另外 Transform Streams 還有一個 _flush(callback) 內置方法，它會在沒有更多可消耗的數據時、在“end”事件之前被觸發，而且會清空緩存數據并結束 Stream。

該內置方法同樣只允許由子類來調用，而且執行后，不能再調用 .push 方法。

關于 Transform Streams 的更多細節還可以參考這篇文章，推薦閱讀。

2.5 Classic Streams

在較早版本的 NodeJS 里，Stream 的實現相較簡陋，例如上文提及的“Stream.Readable”接口均是從 Node 0.9.4 開始才有，因此我們往往需要對其進行多次封裝擴展才能更好地用來開發。

而 Classic Streams 便是對這種古舊模式的 Stream 接口的統稱。

需要留意的是，只要往任意一個 stream 注冊一個“data”事件監聽器，它就會自動切換到“classic”模式，并按照舊的 API 去執行。

classic 流可以當作一個帶有 .pipe 接口的事件發射器（event emitter），當它要為消耗者提供數據時會發射“data”事件，當要結束生產數據時，則發射“end”事件。

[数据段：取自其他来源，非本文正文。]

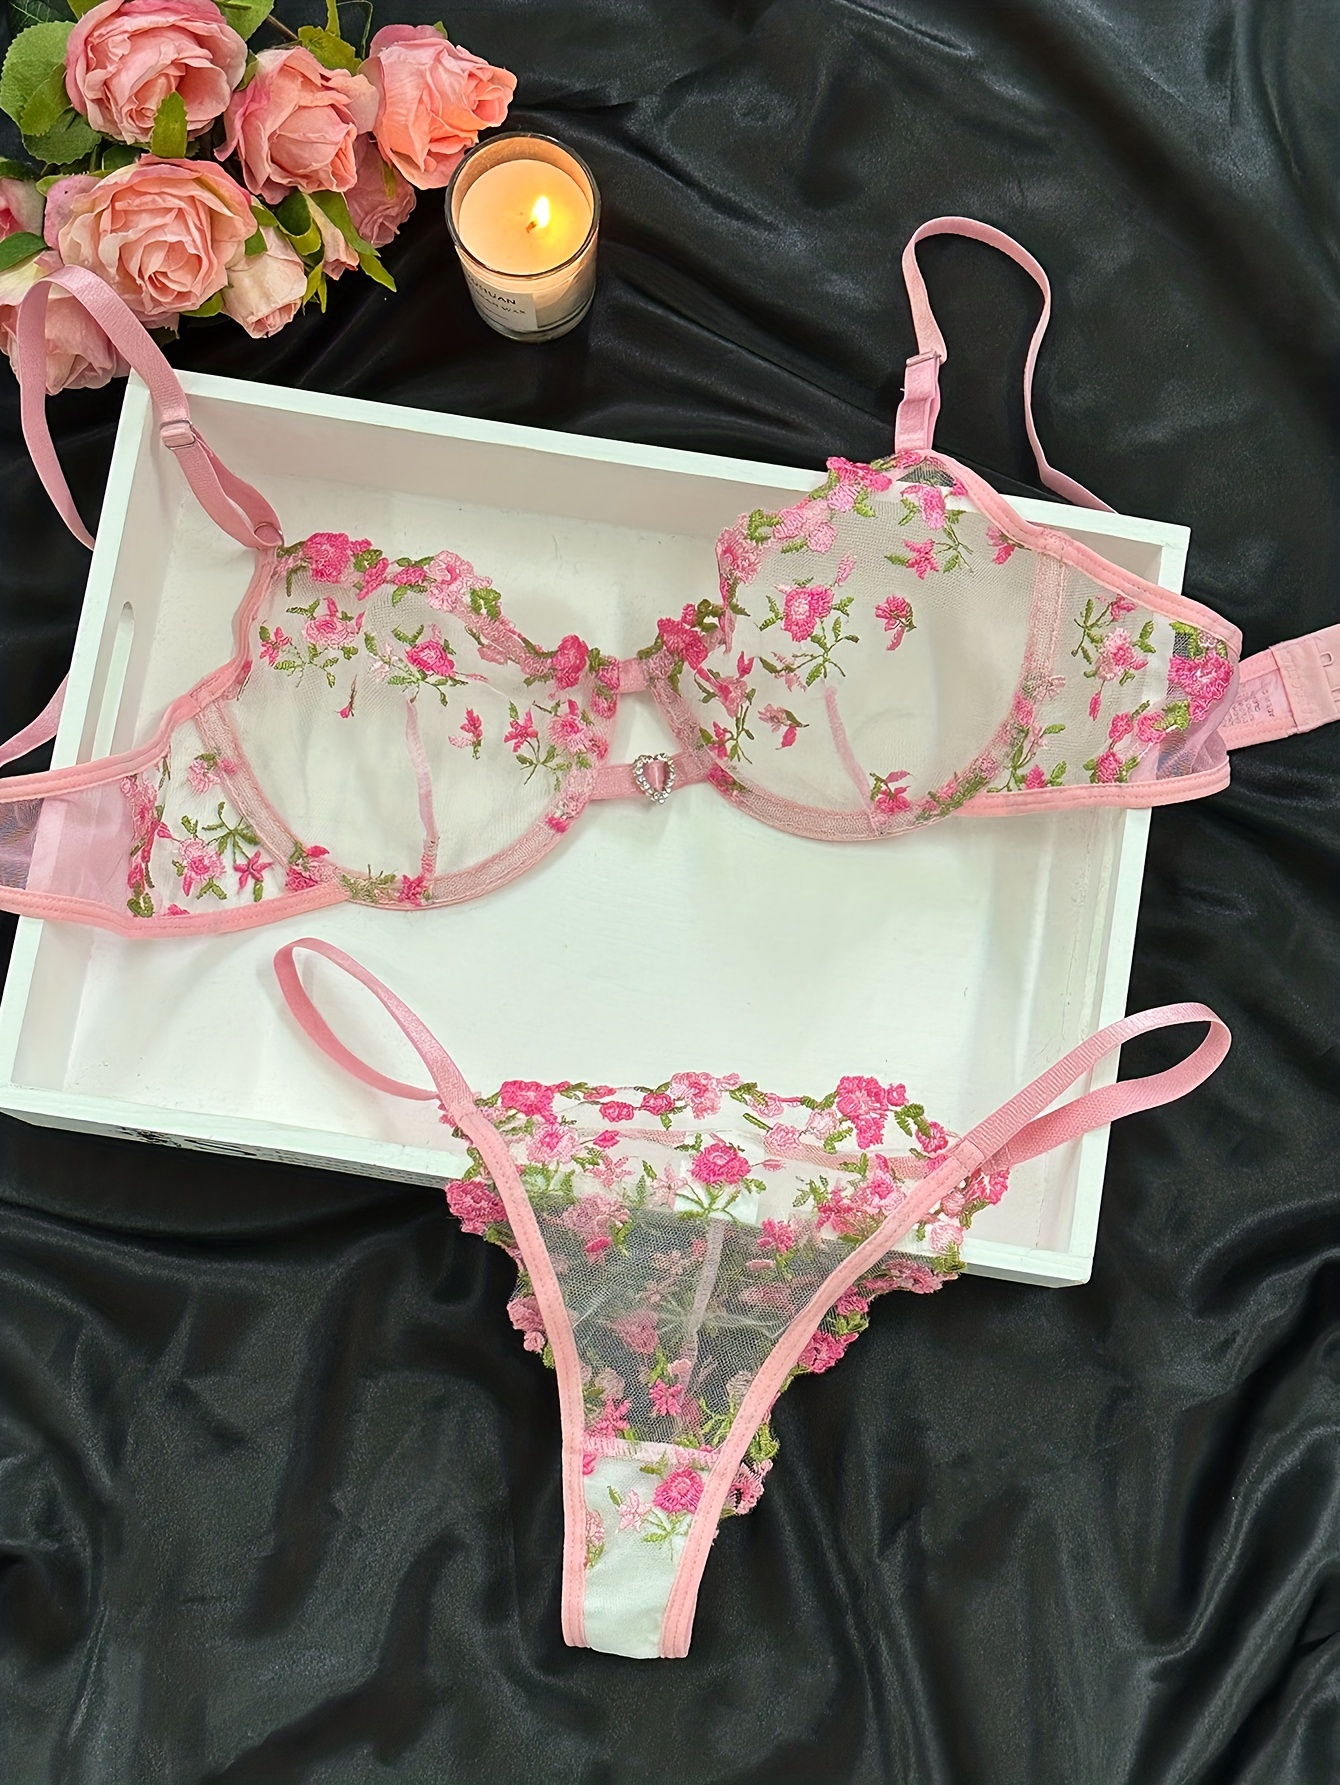 Pink Bra And Panty Set - Shop on Pinterest

另外只有當設置 Stream.readable 為 true 時，.pipe 接口才會將當前流視作可讀流：

//demo7
var Stream = require('stream');
var stream = new Stream();
stream.readable = true; //告訴 .pipe 這是個可讀流

var c = 64;
var iv = setInterval(function () {
    if (++c >= 75) {
        clearInterval(iv);
        stream.emit('end');
    }
    else stream.emit('data', String.fromCharCode(c));
}, 100);

stream.pipe(process.stdout);

另外，Classic readable streams 還有 .pause() 和 .resume() 兩個接口可用于暫停/恢復流的讀取：

createServer(function(q,s) {
  // ADVISORY only!
  q.pause()
  session(q, function(ses) {
    q.on('data', handler)
    q.resume()
  })
})

3. Object Mode

對于可讀流來說，push(data) 時，data 的類型只能是 String 或Buffer，且消耗時 data 事件輸出的數據類型都為 Buffer；

對于可寫流來說，write(data) 時，data 的類型也只能是 String 或 Buffer，_write(data) 調用時所傳進來的 data 類型都為 Buffer。

示例：

//demo8
writable._write = (chunck, enc, next) => {
    // 輸出打印
    console.log(chunck);   //Buffer
    //console.log(chunck.toString());  //轉為String

    process.nextTick(next)
};

writable.write('Happy Chinese Year');
writable.end();

執行結果：

不過，為了增強數據類型的靈活性，無論是可讀流或是可寫流，只需要往其構造函數里傳入配置參數“{ objectMode: true }”，便可往流里傳入/獲取任意類型（null除外）的數據：

const objectModeWritable = Writable({ objectMode: true });

objectModeWritable._write = (chunck, enc, next) => {
    // 輸出打印
    console.log(typeof chunck);
    console.log(chunck);
    process.nextTick(next)
};

objectModeWritable.write('Happy Chinese Year');
objectModeWritable.write( { year : 2017 } );
objectModeWritable.end( 2017 );

執行結果：

4. Stream的兼容問題

在前文我們介紹了 classic streams，它屬于陳舊版本的 Node 上的 Stream 接口，可以把它稱為 Streams1。而從 Node 0.10 開始，Stream 新增了系列實用的新接口，可以做更多除了 .pipe() 之外的事情，我們把其歸類為 Streams2（事實上，在 Node 0.11+開始，Stream有些許新的變動，從該版本開始的 Stream 也可稱為 Streams3）。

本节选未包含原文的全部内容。